Истина скандальна. Но без нее ничего не выйдет. Наивная и честная картина мира - уже шедевр. В свете этого требования оригинальность мало что значит. Не заботьтесь о ней. В любом случае оригинальность неизбежно проявится через сумму ваших недостатков. А ваше дело - просто говорить правду, вот и все.

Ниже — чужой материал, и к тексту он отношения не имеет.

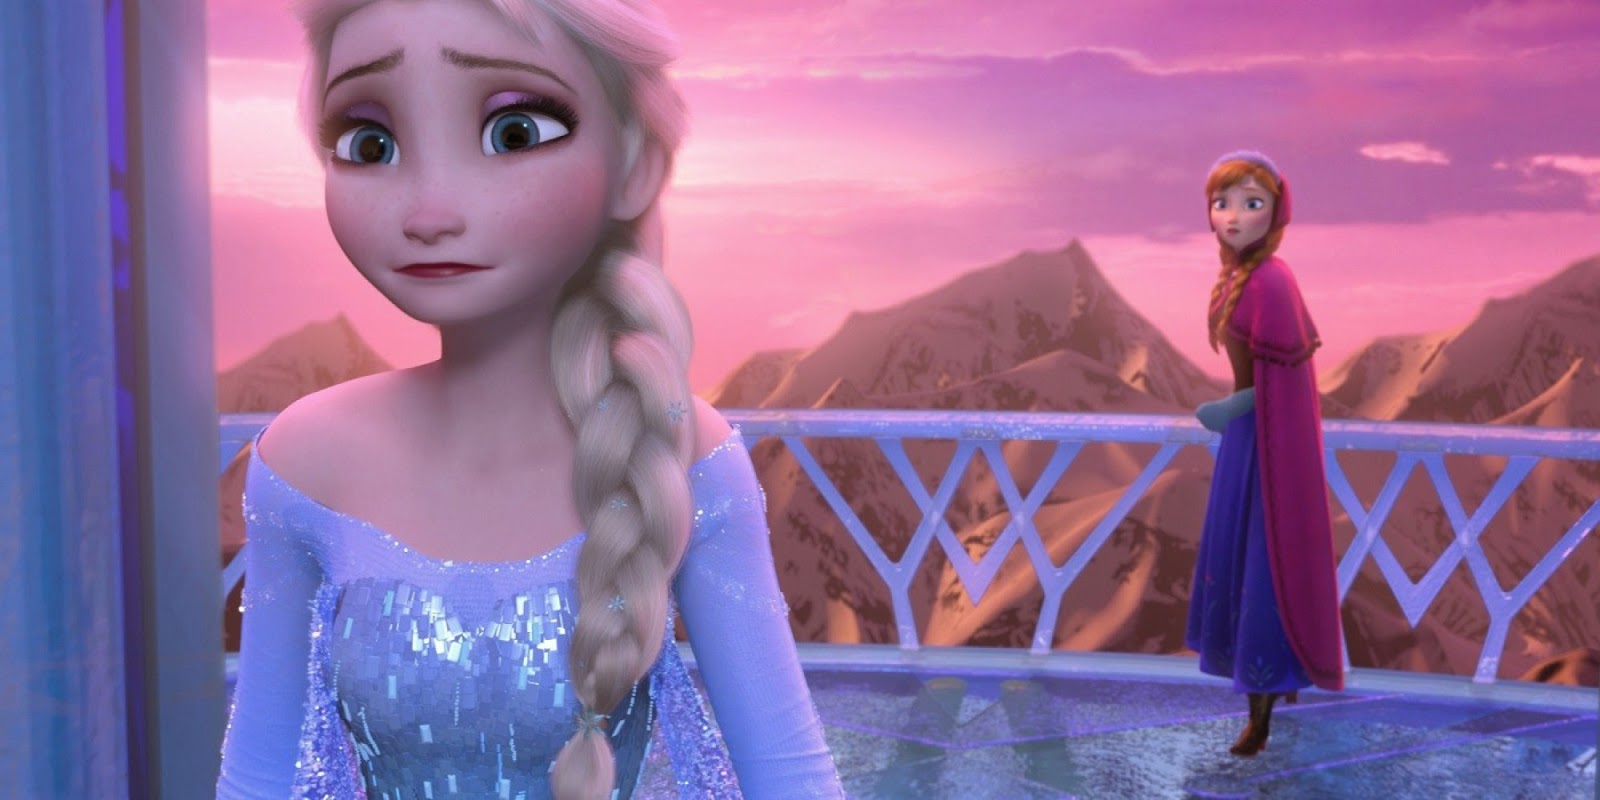 Kumpulan Gambar Frozen | Gambar Lucu Terbaru Cartoon Animation Pictures
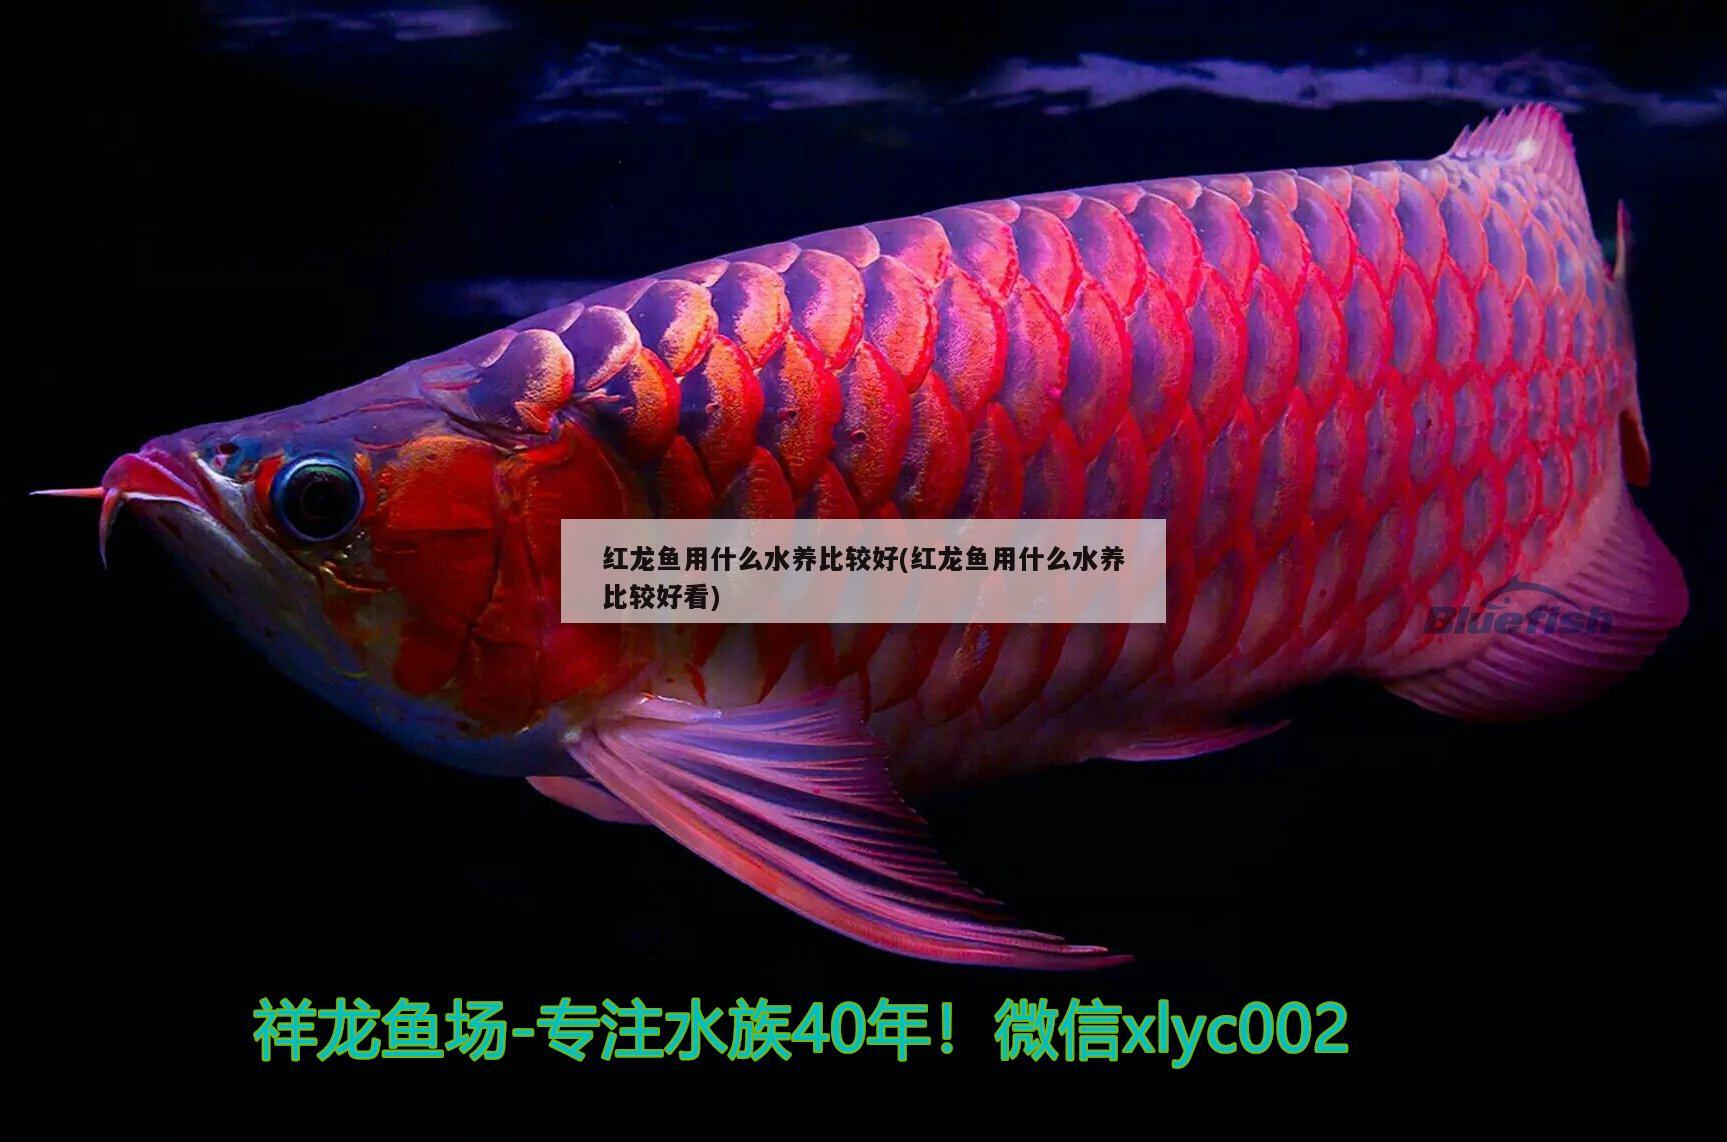 红龙鱼的品种图片及名称(红龙鱼属于什么品种的鱼?)

Невозможно любить одновременно правду и наш мир. Но вы уже сделали выбор. Теперь проблема в том, чтобы от него не отступать. Призываю вас не сдаваться. Не потому, что вам есть на что надеяться, нет. Наоборот, предупреждаю: вы будете очень одиноки. Люди, как правило, приспосабливаются к жизни, иначе они умирают. Вы - живые самоубийцы.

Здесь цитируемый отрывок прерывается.